The Oboe BBoard
|
Author: Bucky Badger
Date: 2003-12-31 02:43
Years ago my oboe instructor and I used to go along the banks of the Trinity River in Fort Worth Texas. Cane was growing there---good news. Also good news was my instructor could turn the raw cane into gouged and folded can. From that point on I had the knife and etc to work on the reeds.
The bad news was the cane in texas was green and the reed only lasted about 1 week of steady playing; then I need a new reed.
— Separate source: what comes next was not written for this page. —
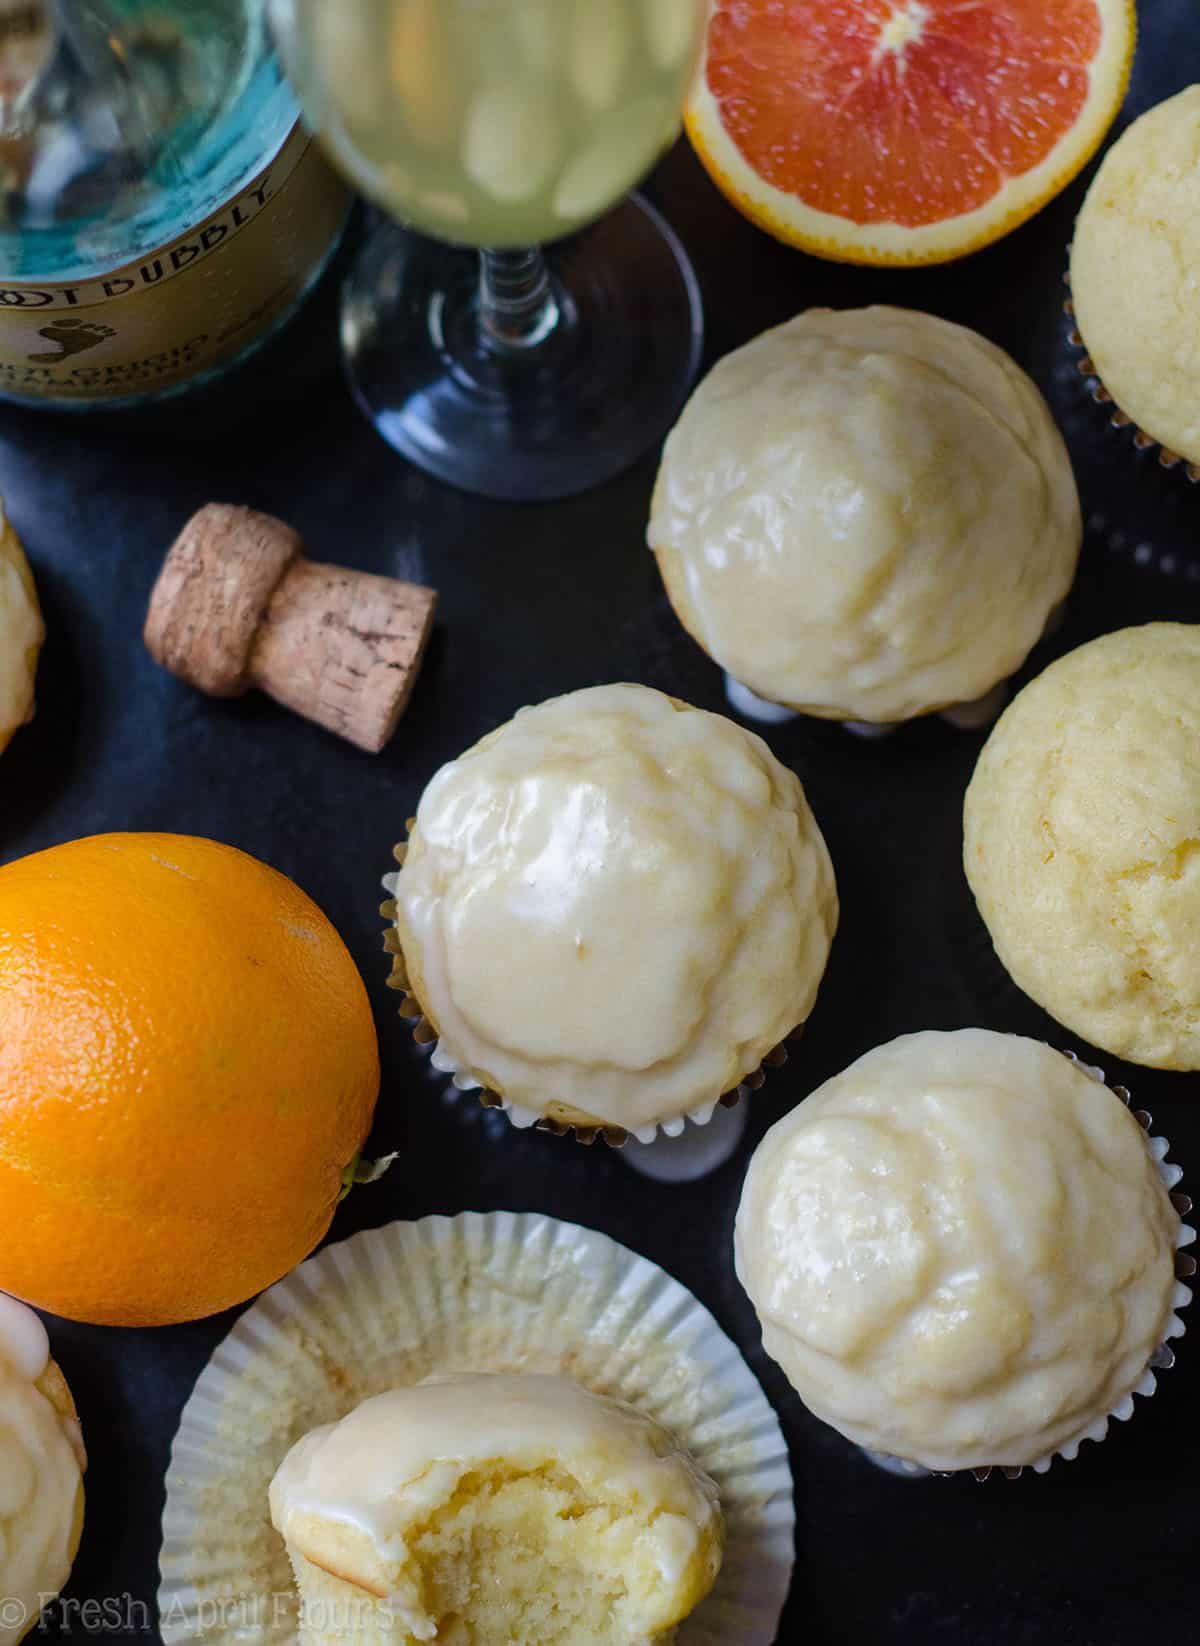 Tender citrus muffins made with a champagne reduction and topped with a boozy orange glaze are the sweetest way to get your mimosa fix. via @frshaprilflours
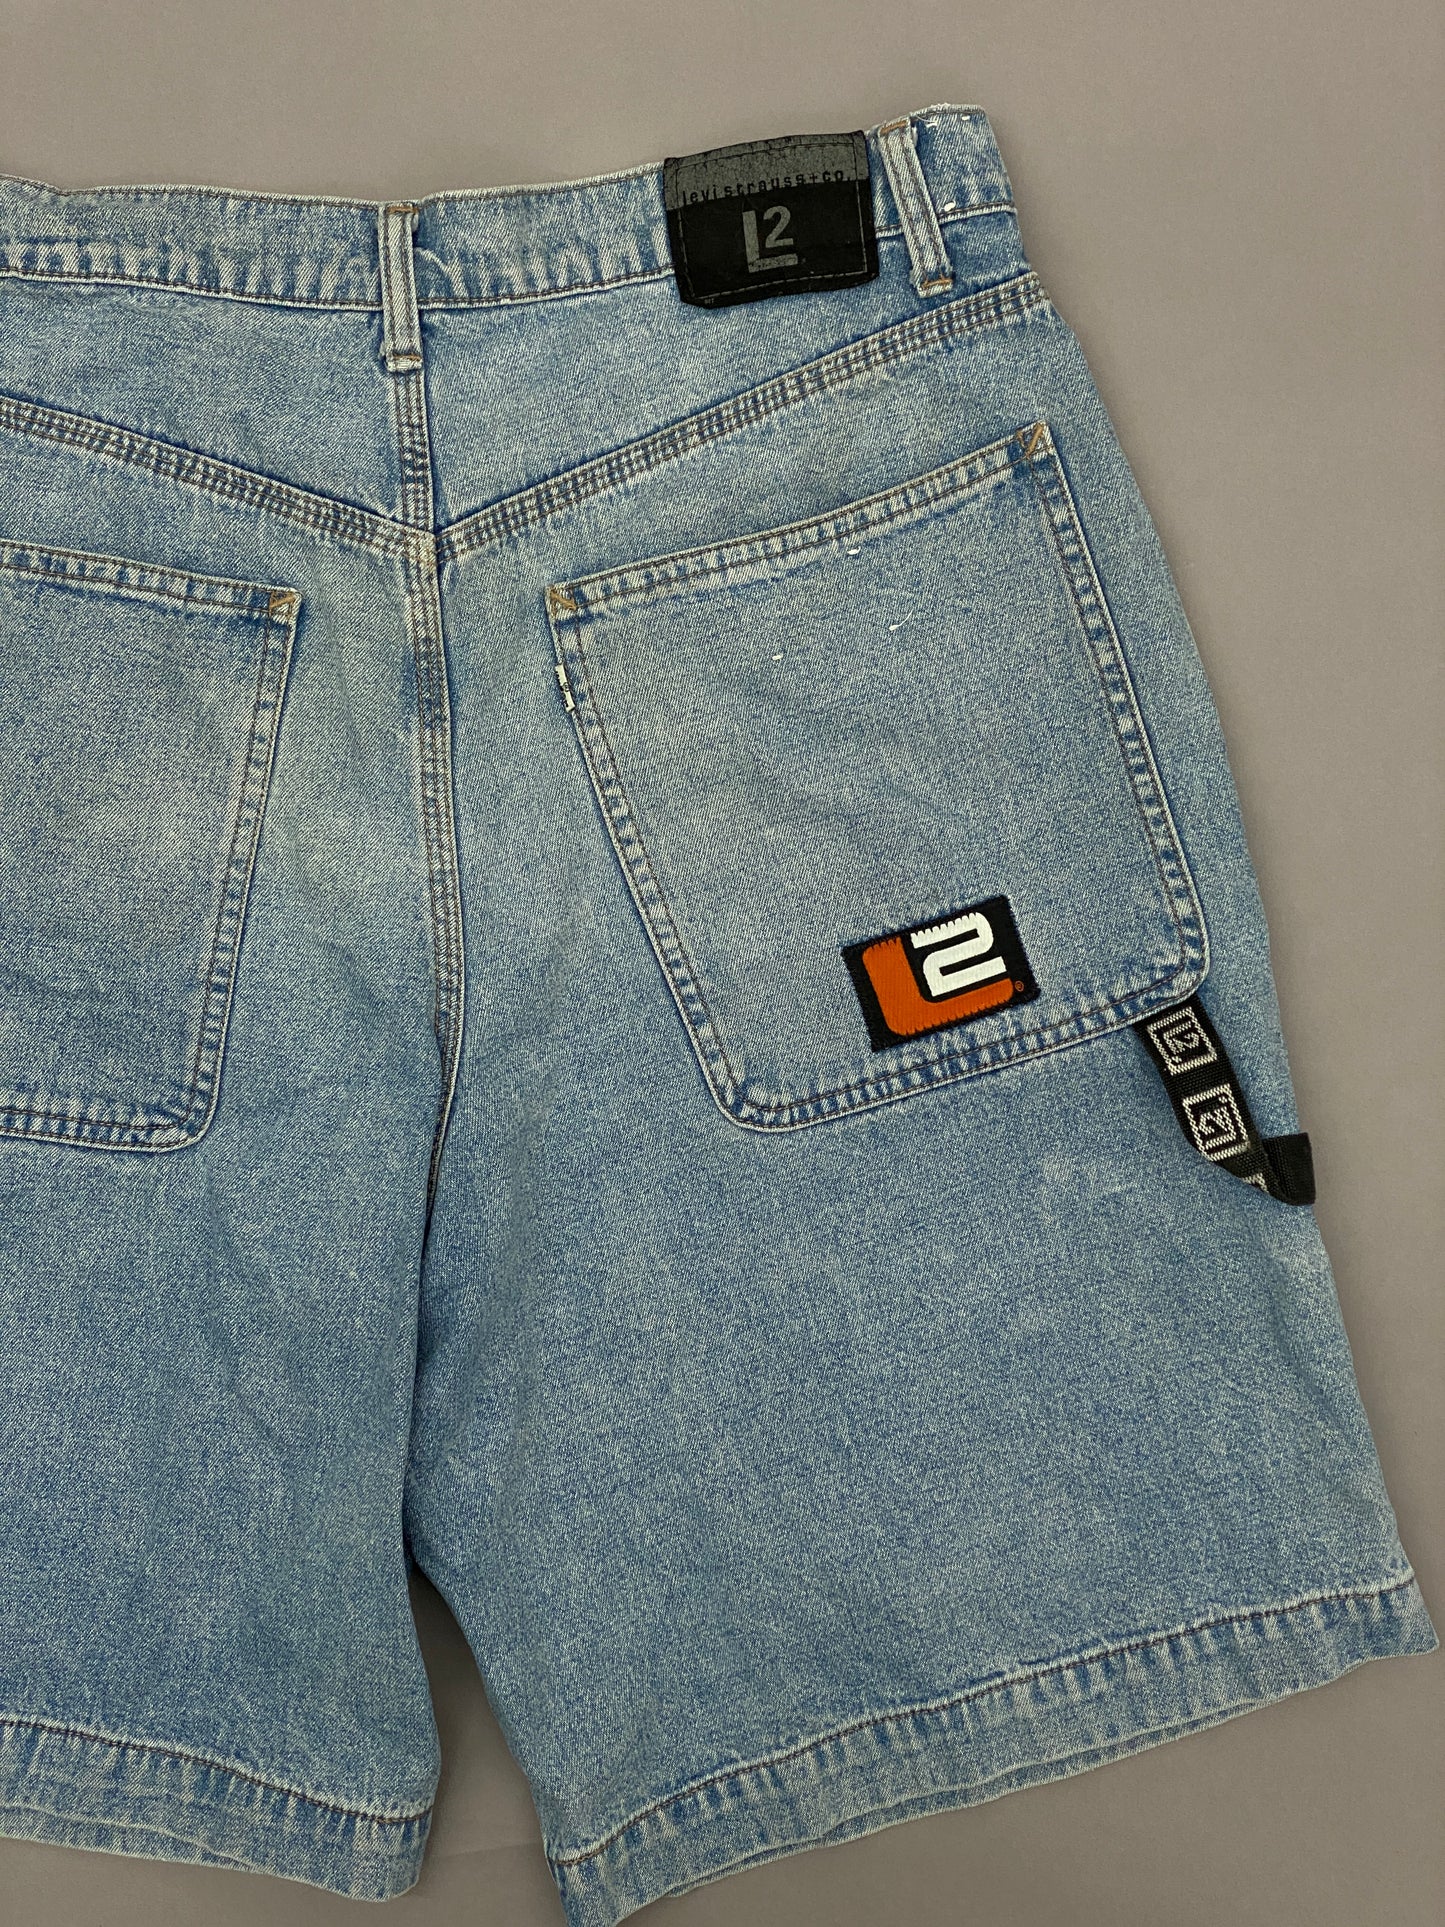 Shorts Baggy Levis Silver Tab Vintage - 32

If your folks have plenty of money forget making reeds. If you buy a less than perfect reed you may need the knife etc AND guidance. One wrong move and you cannot put wood back on the reed.
Try a variety of reeds and see what make you like. When I was playing in the university back in the late 1960s I played on both the french cut (long scrape you find in stores now) and the german scrape (the tip scraped and a lot of the reed unscraped). I finally desided the french medium reed gave me control and the right sound.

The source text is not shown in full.